Terkait dengan gencarnya demokratisasi dalam tatanan global, maka dari itu, civil society
berkembang dan memiliki peran tersendiri di Indonesia. Secara historis, nilai-nilai terbentuknya
civil society sudah ada dalam kebiasaan masyarakat Indonesia pada kesehariannya, sepertihalnya
budaya gotong royong. Seiring dengan prosesnya, muncullah voluntary organization seperti NU,
Muahammadiyah, SI, dsb. Kelompok-kelompok tersebut mulai mempromosikan hal-hal yang
terkait dengan orientasinya. Setelah itu, lahirlah organisasi-organisasi non-government yang
memiliki fokus pada pengembangan dan pemberdayaan masyarakat, seperti halnya women’s
groups, health care organizations, worker associations, dsb. Kemudian timbullah gerakan-
gerakan yang pro terhadap demokrasi, seperti halnya kelompok-kelompok mahasiswa pada tahun
1998 untuk memperjuangkan reformasi (Uften, 2009).
Pada prosesnya perkembangan civil society di Indonesia, memiliki beberapa hambatan,
yang ditandai munculnya konflik dan gerakan-gerakan yang bertentangan dengan nilai-nilai
demokratis, seperti halnya pada masa orde baru yang menimbulkan kerusuhan anti-kristen di
Pasuruan, kemudian di era reformasi terdapat konflik agama di Maluku, dan munculnya
organisasi-organisasi ekstremis, hal ini dikarenakan eforia kebebasan pasca reformasi yang tidak
dapat diorganisir dengan baik oleh pemerintah, sehingga menimbulkan gerakan-gerakan teror.

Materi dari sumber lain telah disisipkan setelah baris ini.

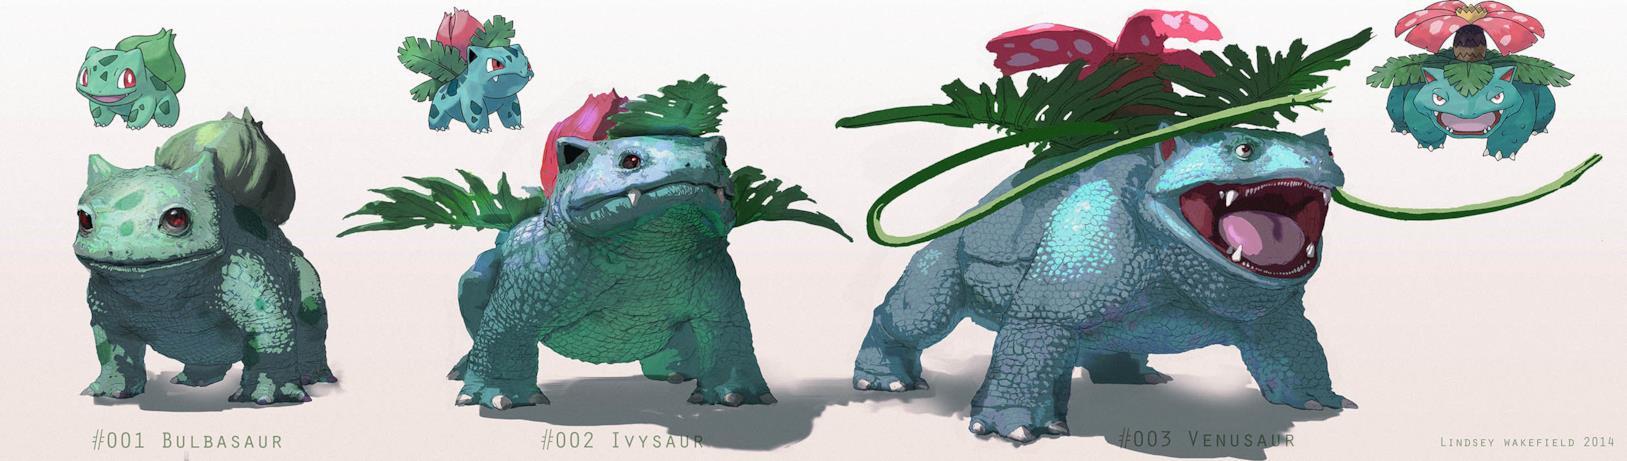 Le iper-realistiche evoluzioni di Bulbasaur disegnate da Lindsey Wakefield

Masa desentralisasi, membawa pengaruh positif pada perkembangan civil society di
Indonesia, khususnya di tingkat lokal. Situasi politik yang ada pada masa itu masih didominasi
oleh keputusan-keputusan elit yang tertutup dalam penentuan kebijakan, baik ditingkat daerah
maupun lokal. Sehingga masyarakat tidak memiliki akses yang baik dalam memperoleh
informasi terkait transparansi, akuntabilitas, dan efektivitas kinerja pemerintah. Seiring
kebebasan politik dan berpendapat bagi seluruh masyarakat Indonesia, civil society mengambil
peran yang cukup signifikan. Sehingga, tak jarang ditemukan kandidat legislatif maupun
eksekutif yang sebelumnya merupakan aktivis civil society. Hal ini dikarenakan kerjasama antar
partai dan civil society demi meraih suara masyarakat pada pemilu.
Melalui fenomena civil society yang ada di Indonesia pada saat ini, dapat kita simpulkan
bahwa civil society merupakan suatu wadah bagi masyarakat yang terfokus pada suatu bidang
atau beberapa bidang permasalahan dalam masyarakat, sehingga melalui perkumpulan tersebut
dapat menghasilkan program-program atau solusi bagi permasalahan yang ada. Oleh karena itu,
civil society melakukan advokasi dan bekerjasama dengan pemerintah. Kini, civil society
mengalami pergeseran makna, peran-perannya yang ditujukan untuk menunjang demokrasi
senantiasa disertai oleh muatan-muatan politis yang mencedrai nilai-nilai mendasar dalam
terbentuknya civil society. Dengan demikian, pemaknaan civil society akan senantiasa dinamis
dalam prosesnya.

Daftar Pustaka :
Hall, j. A. (1995). Civil Society : Theory, History, Comparison. Cambridge: Polity Press.
Uften, M. B. (2009). Democratization in Post-Suharto Indonesia. London: Routledge.
Parekh, B. (2004). Putting Civil Society in Its Place. In M. Glasius, D. Lewis, & H. Seckinelgin,
Exploring Civil Society: Political and Cultural Contexts (pp. 14-23). London and New York:
Routledge.

Kaldor, M. (2004). Globalization and Civil Society. In M. Glasius, D. Lewis, & H. Seckinelgin,
Exploring Civil Society: Political and Cultural Contexts (pp. 168-174). London and New York:
Routledge.
White, G. 1996, 'Civil Society, Democratization and Development', in Democratization in the
South: The Jagged Wave, eds R. Luckham & G. White, Manchester University Press, New York,
pp. 178-219.
Lele, J., & Quadir, F. (2004). Introduction: Democracy and Development in Asia in the 21st
Century: In Search of Popular Democratic Alternatives. In J. Lele, & F. Quadir, Democracy and
Civil Society in Asia (Vol. 2, pp. 1-31). Hampshire and New York: Palgrave Macmillan.